The author is a wilderness writer, and like many wilderness writers, he can write lyrically about the Canadian forests, giving you a sense of eerie beauty, and then he can turn around and be funny with the hardships that he and his hiking partner have to go through. In this book, he’s on the hunt for “the Traverspine demon,” a mysterious creature that, according to historical records, terrorized a remote outpost in Labrador. It sounds like a Sasquatch (which Shoalts, oversimplifying merrily, says is only attested in the Pacific region), but it leaves cloven footprints.
Shoalts and his friend push on through conditions that would have made this Bigfoot buff turn back, such as days of impassable brush. They don’t find the creature, but they do find a theory. Shoalts, a materialist, decides it was probably a combination of sightings of a wolverine, and moose tracks (both animals were rare in the region at the time). His theory is pretty convincing. He undermines his case a bit by dismissing the Greek centaurs as people’s first sighting of a man on a horse, while ignoring all the other, harder-to-dismiss chimeras that populate Greek legend.

Jack Reacher, drifting through town as is his wont, stops to help out a random guy who’s being bullied, and once again ends up stopping an international plot basically single handedly. He then has a gratuitous affair (not graphically described) with a female character he will never meet again, before leaving town.
Also, Nazis. (Not very creative, guys. Do better.)
One thing I like about the Reacher books is that I’m never worried about him. No matter how outnumbered or apparently outgunned he is, I know Reacher is smarter, quicker, and has more martial arts and military skills than his opponents. But, at the same time, he consistently gets into situations where any sane person would be worried, and I know I should be scared for him. In that way, these books strike a good balance. I’m neither terrified nor bored.

Heartbreaking novel about an American ex-cop who has recently moved to rural Ireland. Super well-written. Very evocative of the landscape, the weather, and the people, including the way they use the English language. For example, they say things like, “He’s after leaving for work” instead of “He just left for work.”

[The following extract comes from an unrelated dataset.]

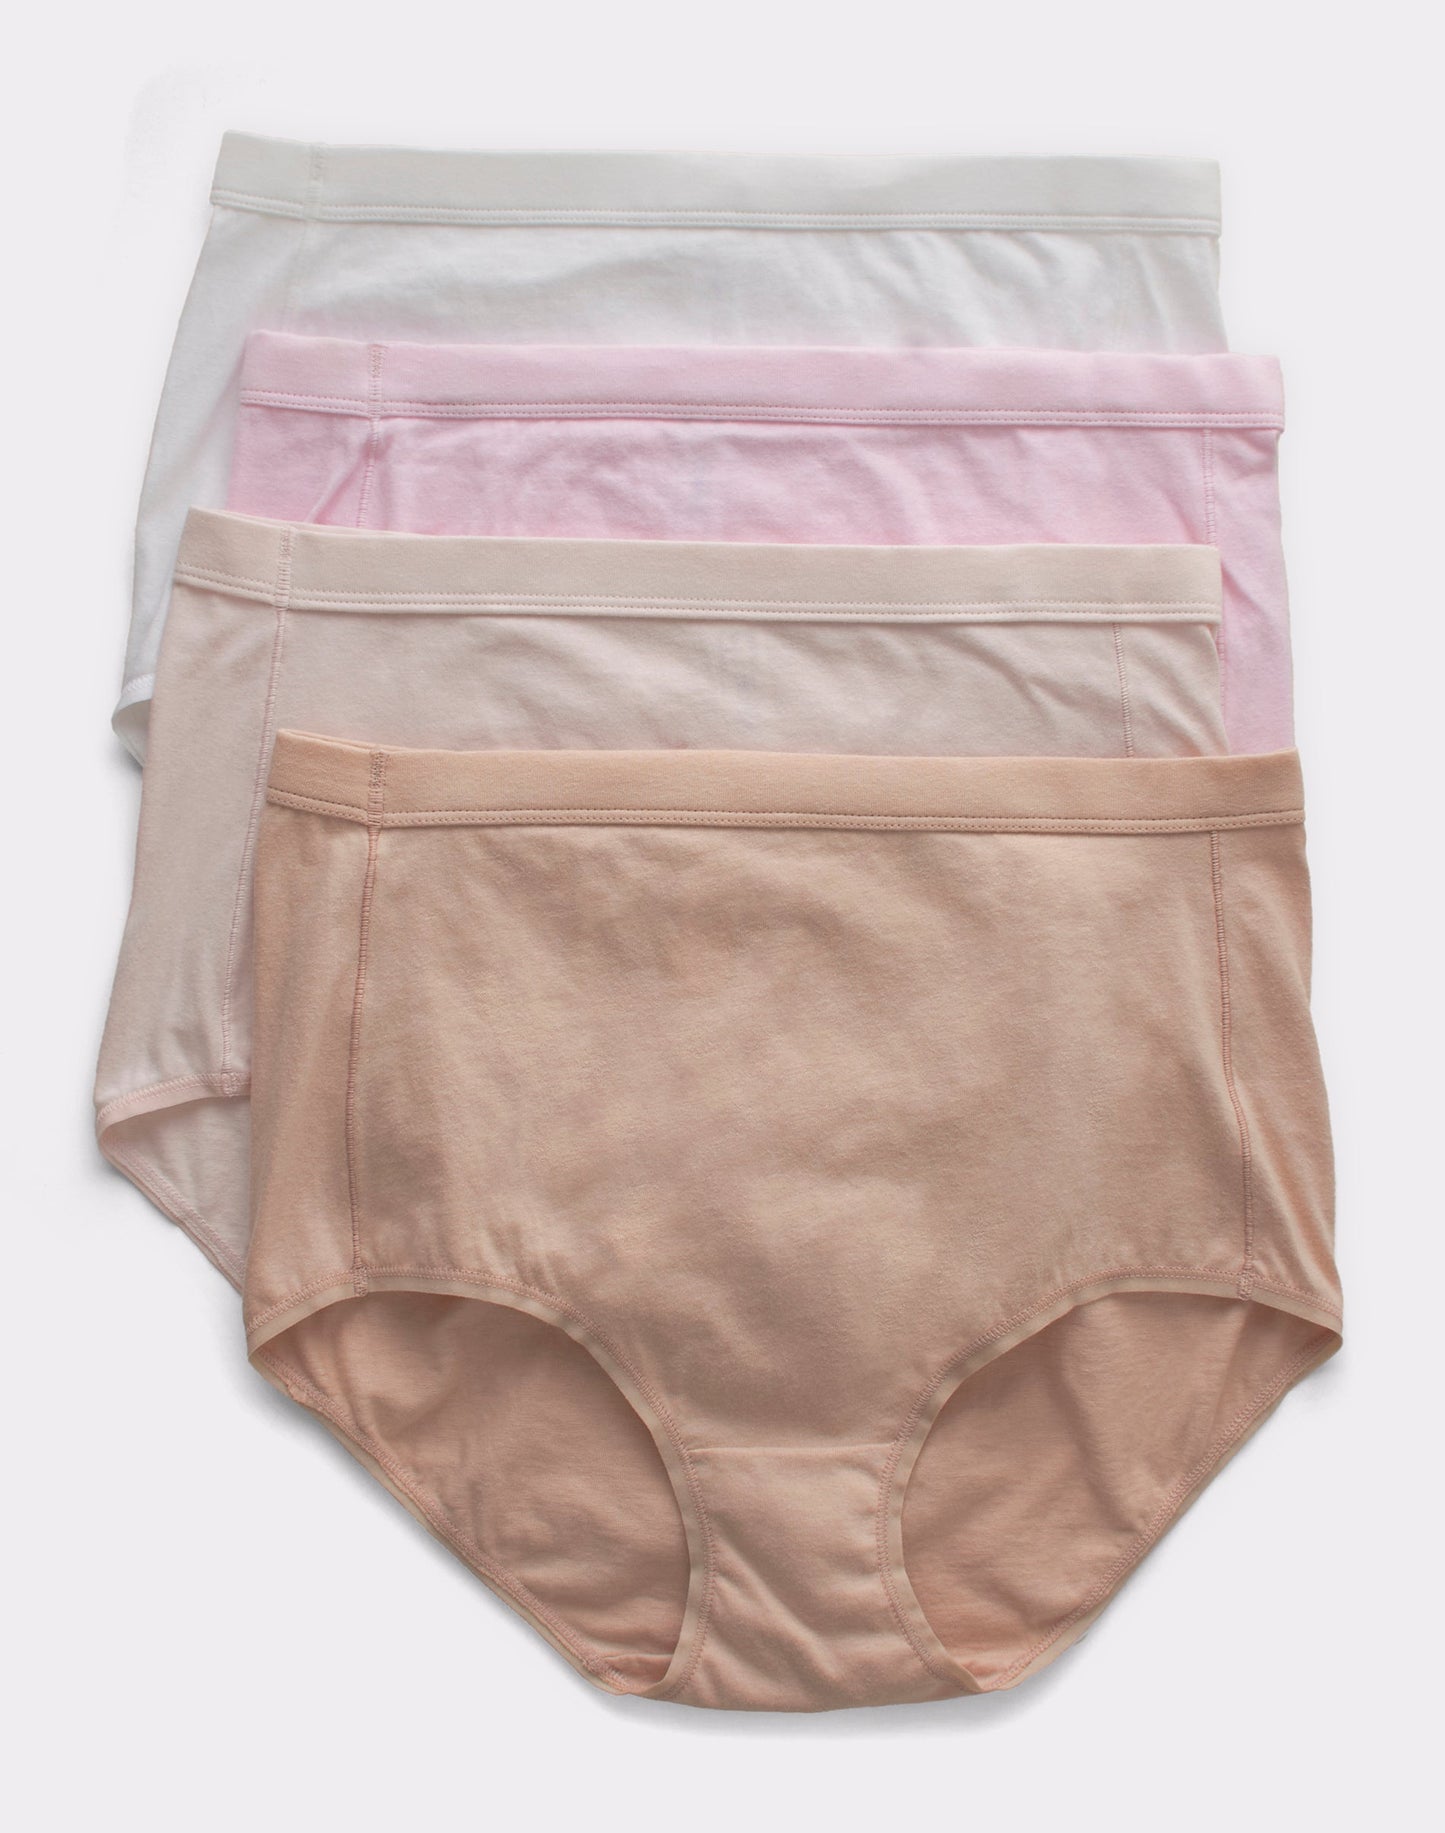 Hanes Ultimate Women's Pure Comfort Organic Cotton Brief 4-Pack White/Ballerina Slipper/Sandshell/Taupe 5
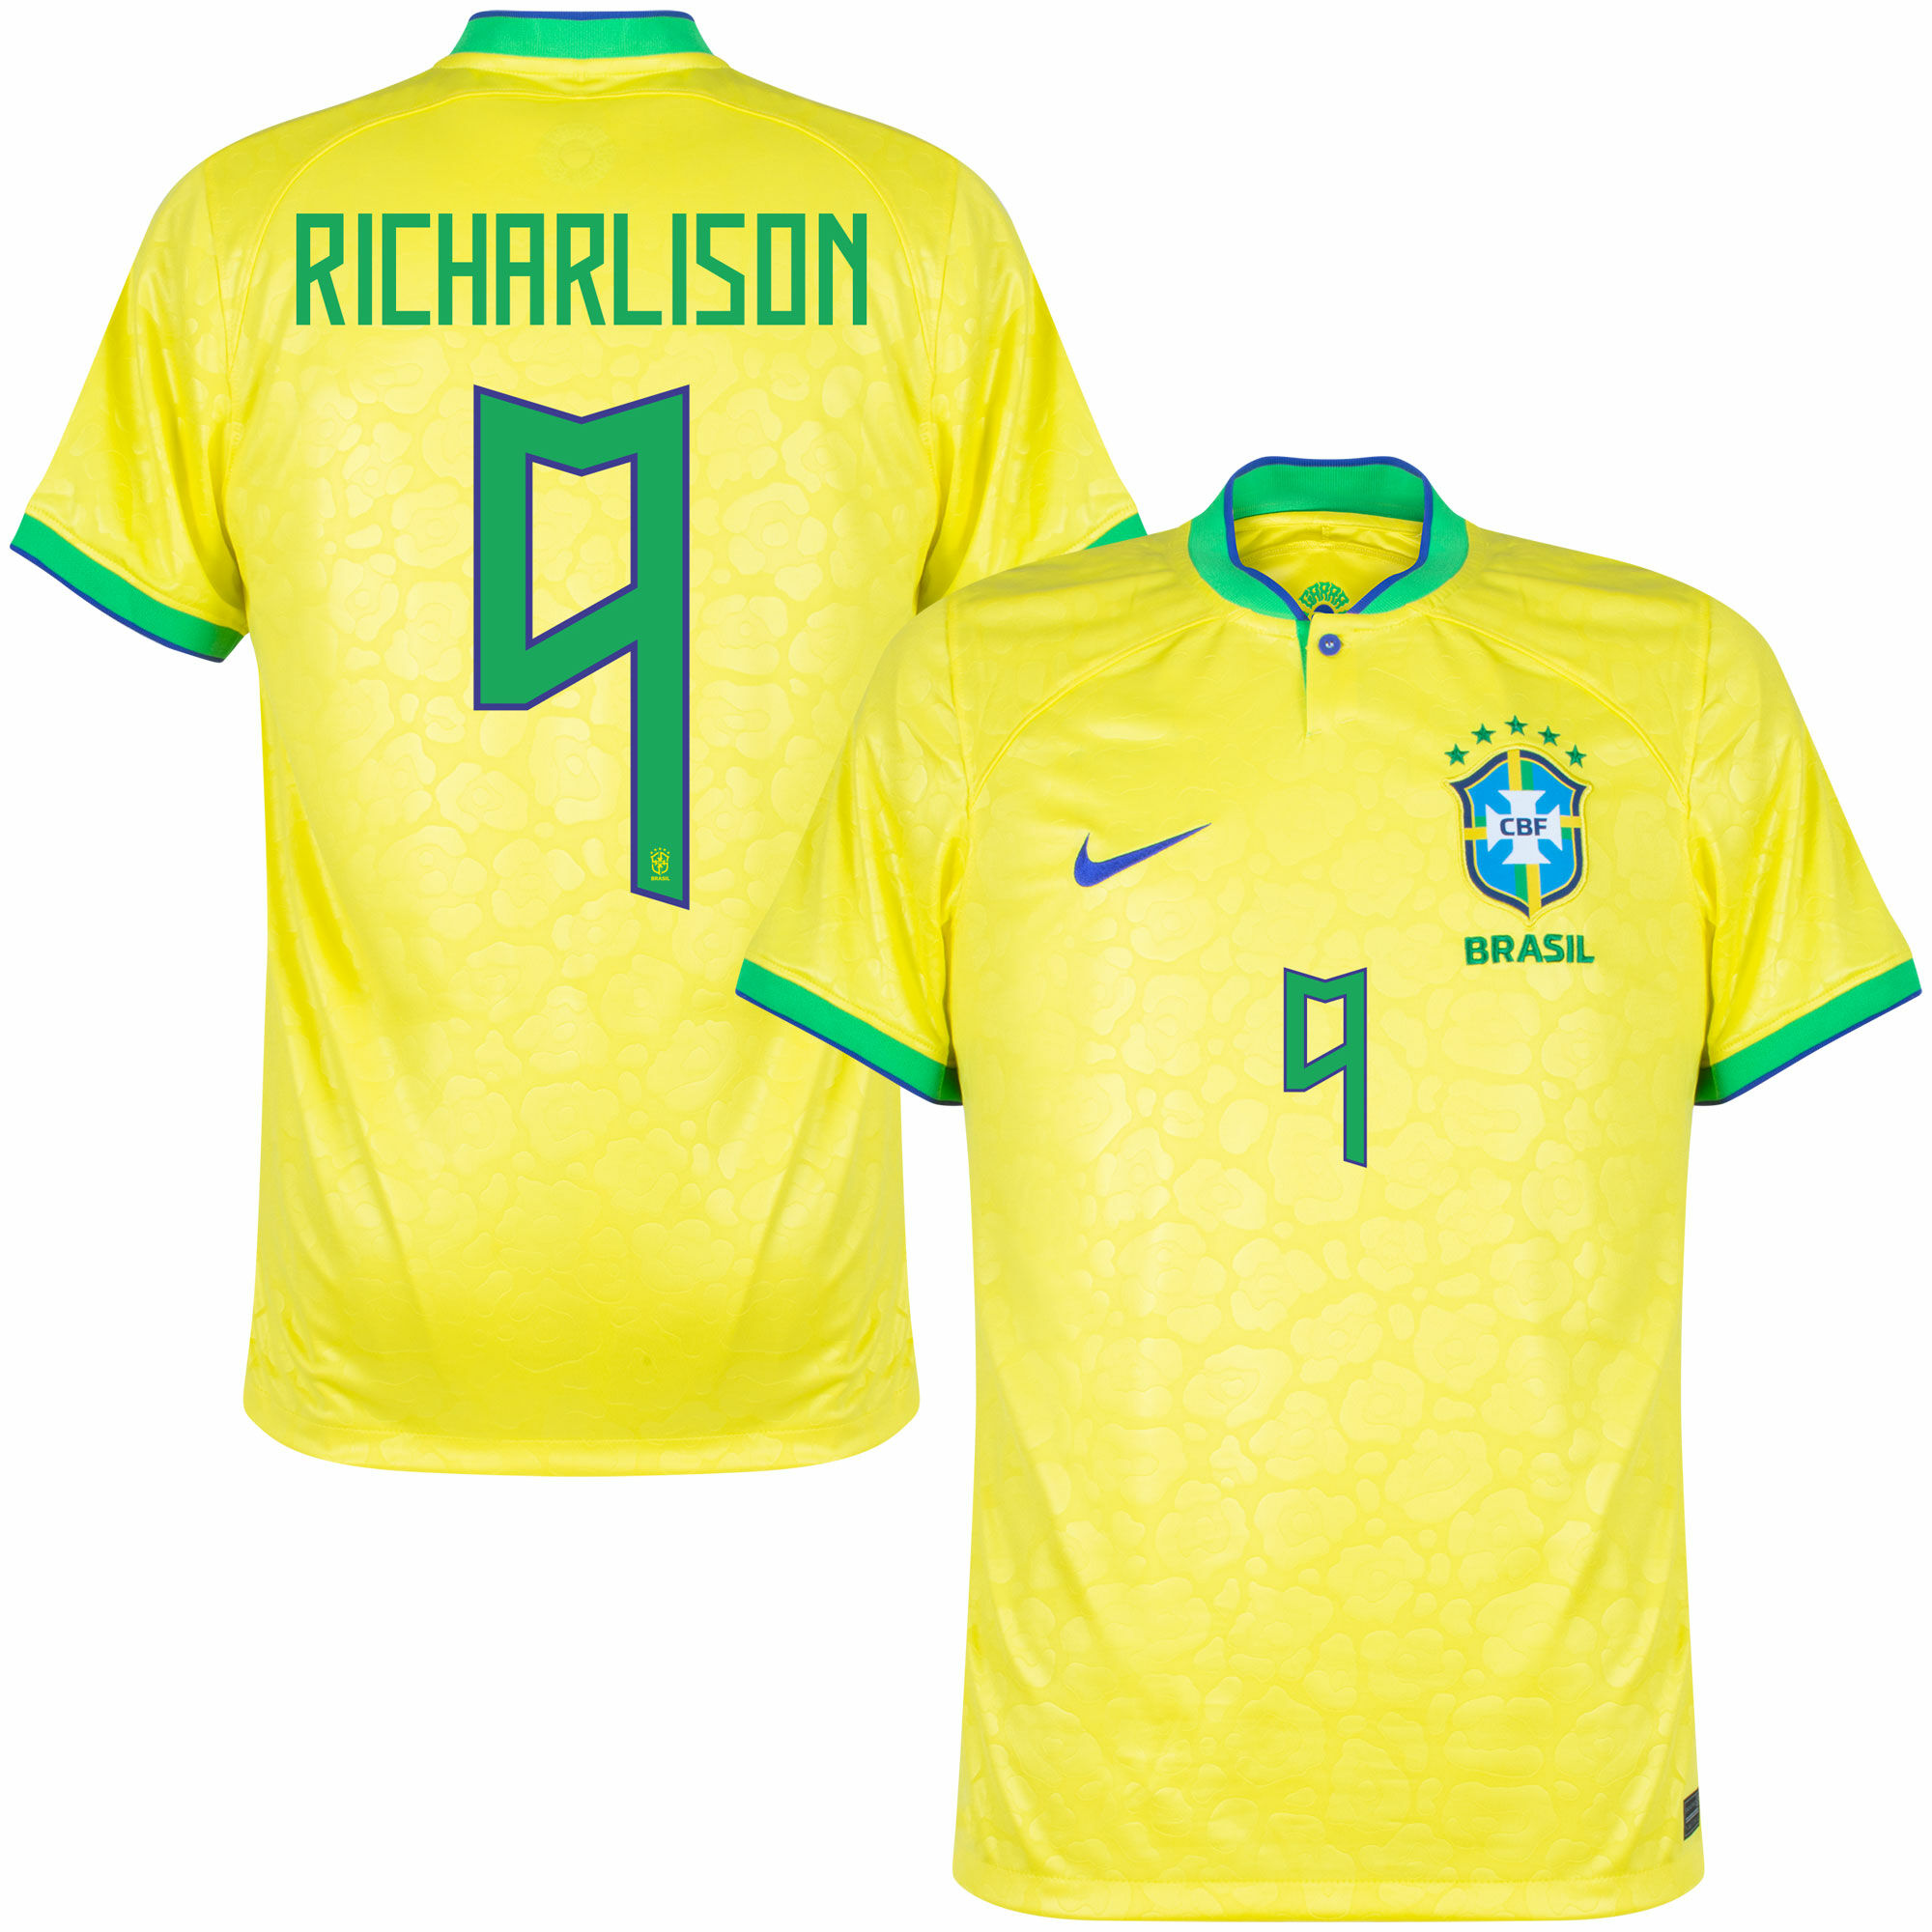 Replica RICHARLISON #7 Brazil Home Jersey 2021 By Nike

Felix Francis has carried on the beloved institution of “racing thrillers” written by his jockey father, Dick Francis. All novels by Francis (pater and fils) take place in “the racing world.” Sometimes the main character is a jockey, sometimes a trainer or an owner, and sometimes the connection to racing is looser. All are written in the first person.
In this novel, the main character, Chester, very profitably runs a “syndicate.” He buys racehorses and sells shares of them to wealthy people who want to participate in the lifestyle. So each horse has multiple owners, but Chester is the main owner, and the one who liases with the trainers and jockeys to plan out the horses’ careers. Chester is less of a tough-guy character than the typical Francis protagonist. He’s also older and more established than Franics main characters usually are. His children are grown (just), and his wife is aging and losing interest in their marriage.
Syndicate had less action than previous Francis books I’ve read, and considerably less violence (though Francis books do vary a lot in this regard). It is not as tense as the cover makes it appear. I also wasn’t too impressed with some of Chester’s choices. All in all, this wasn’t the strongest Francis novel I’ve read, though it was on-brand. Three stars.

An indispensable reference book. Neither easy nor fun to read. I’ll be reviewing this in greater detail later.